→ RECORDED INFORMATION:
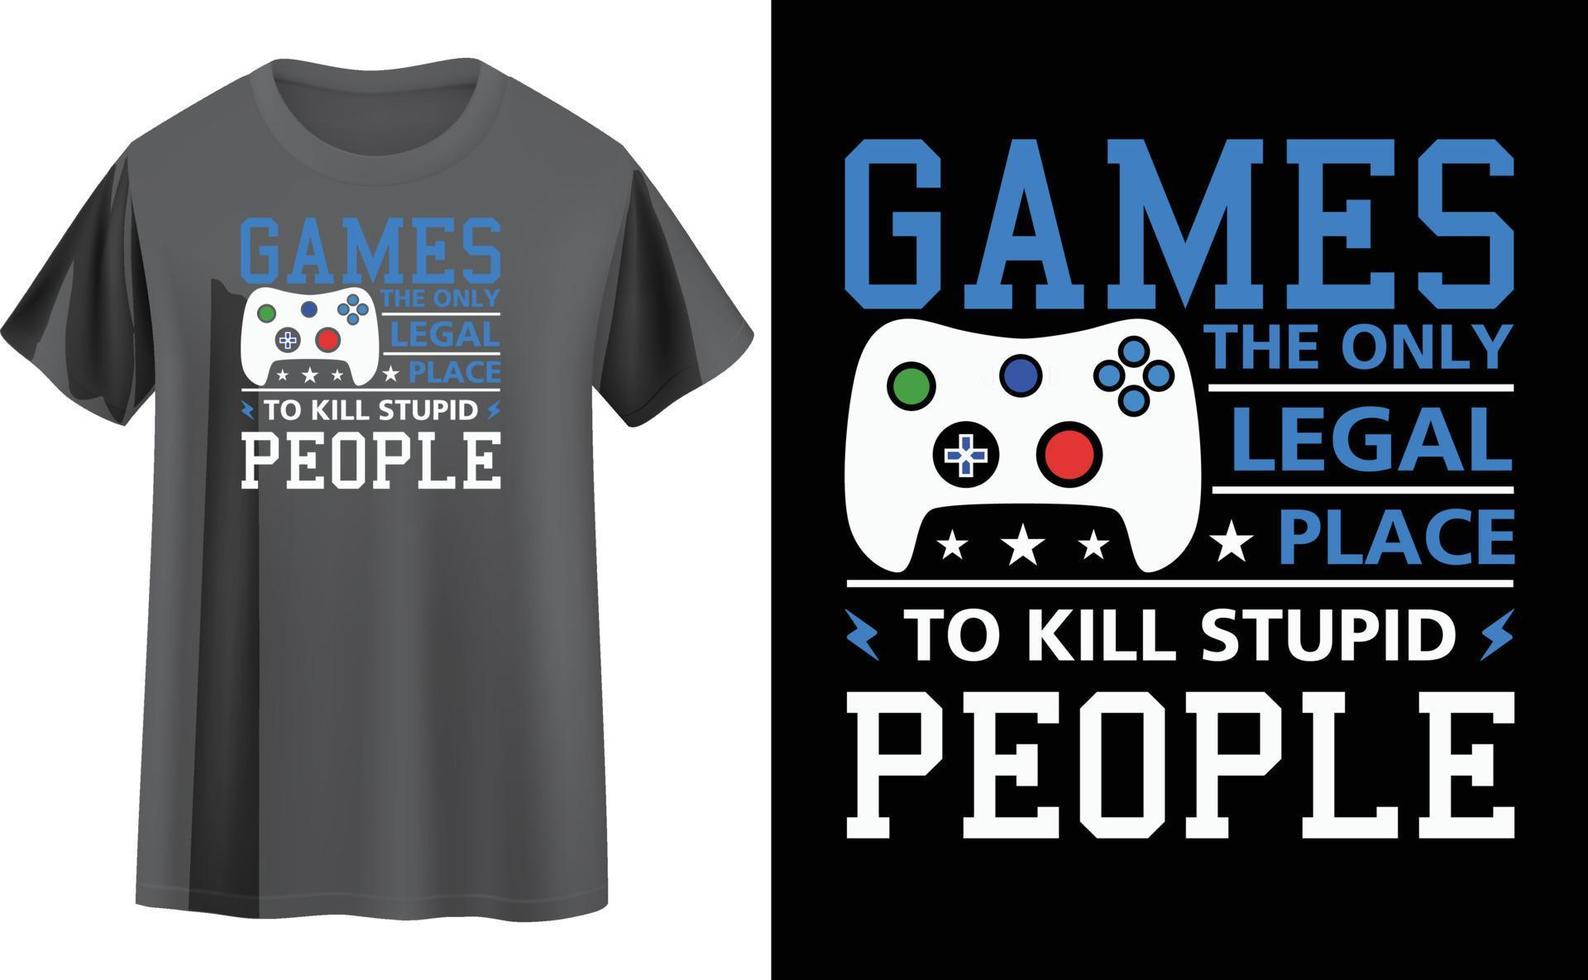 Gaming-T-Shirt-Design vektor
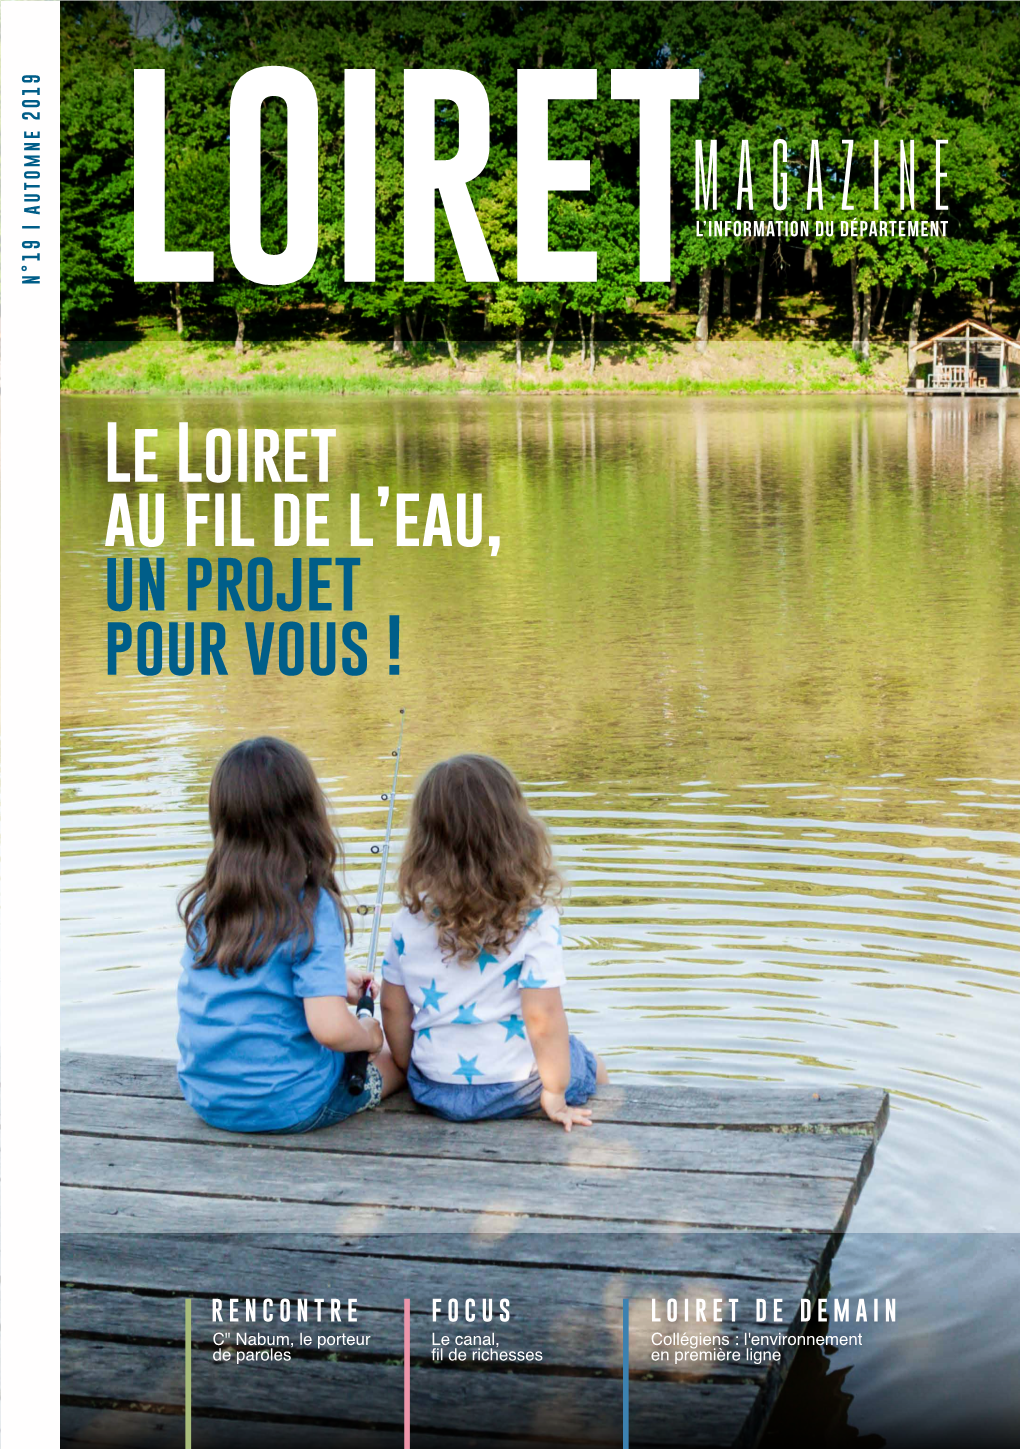 Loiretmagazine
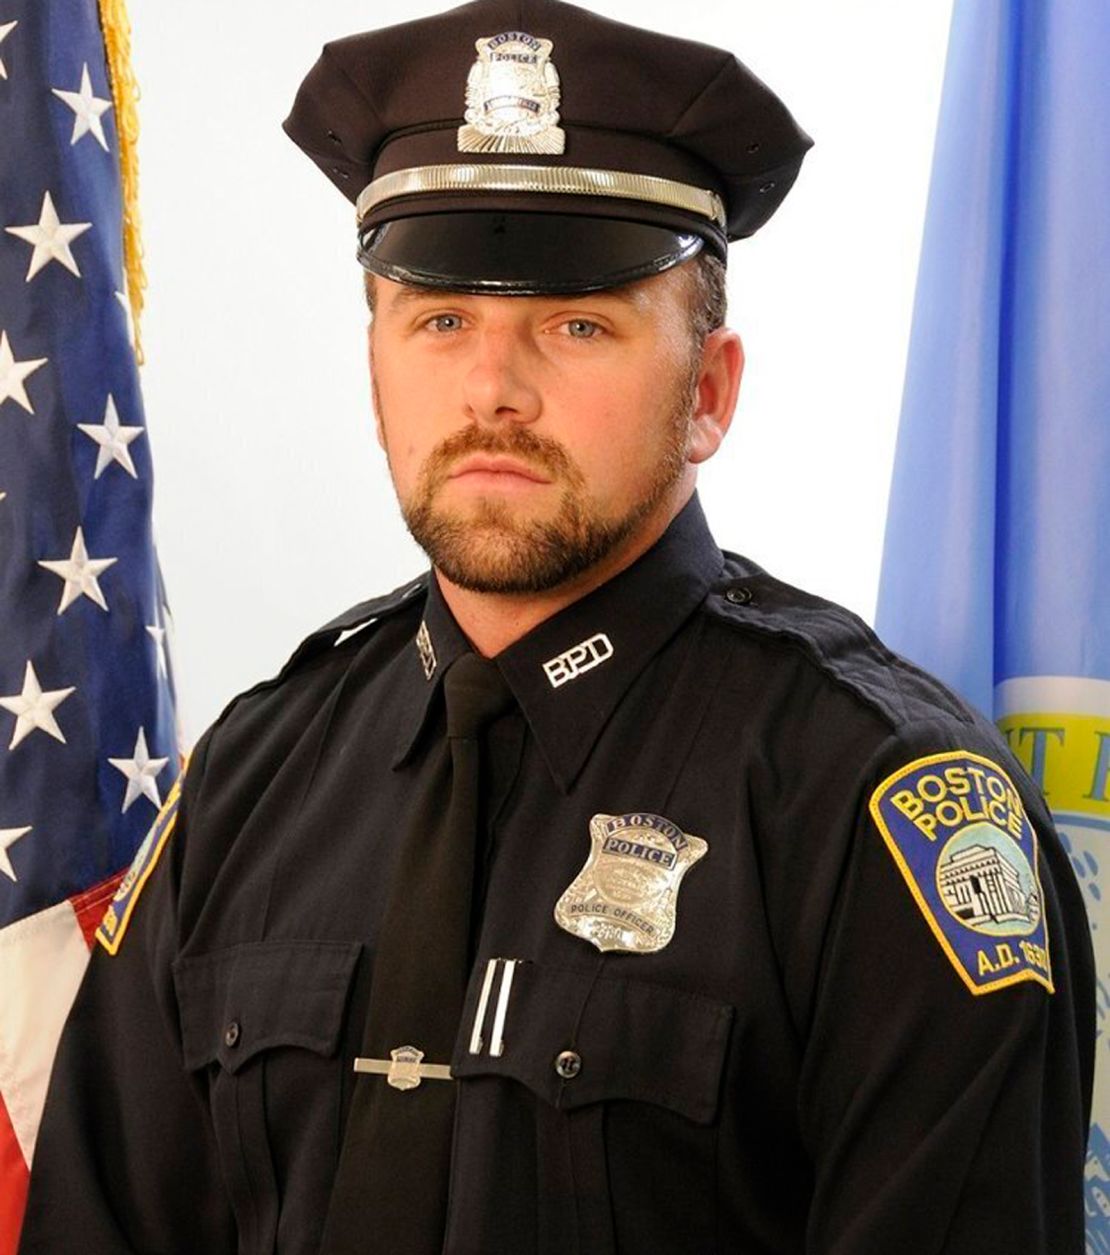 Boston Police Officer John O'Keefe.

→ INSTRUCTIONS FOR THE TASK:
Could the listing above be transcribed exactly, with the pictures left out?

→ EXERCISE OUTPUT:
 Gaming-T-Shirt-Design vektor
 Loiretmagazine
 Boston Police Officer John O'Keefe.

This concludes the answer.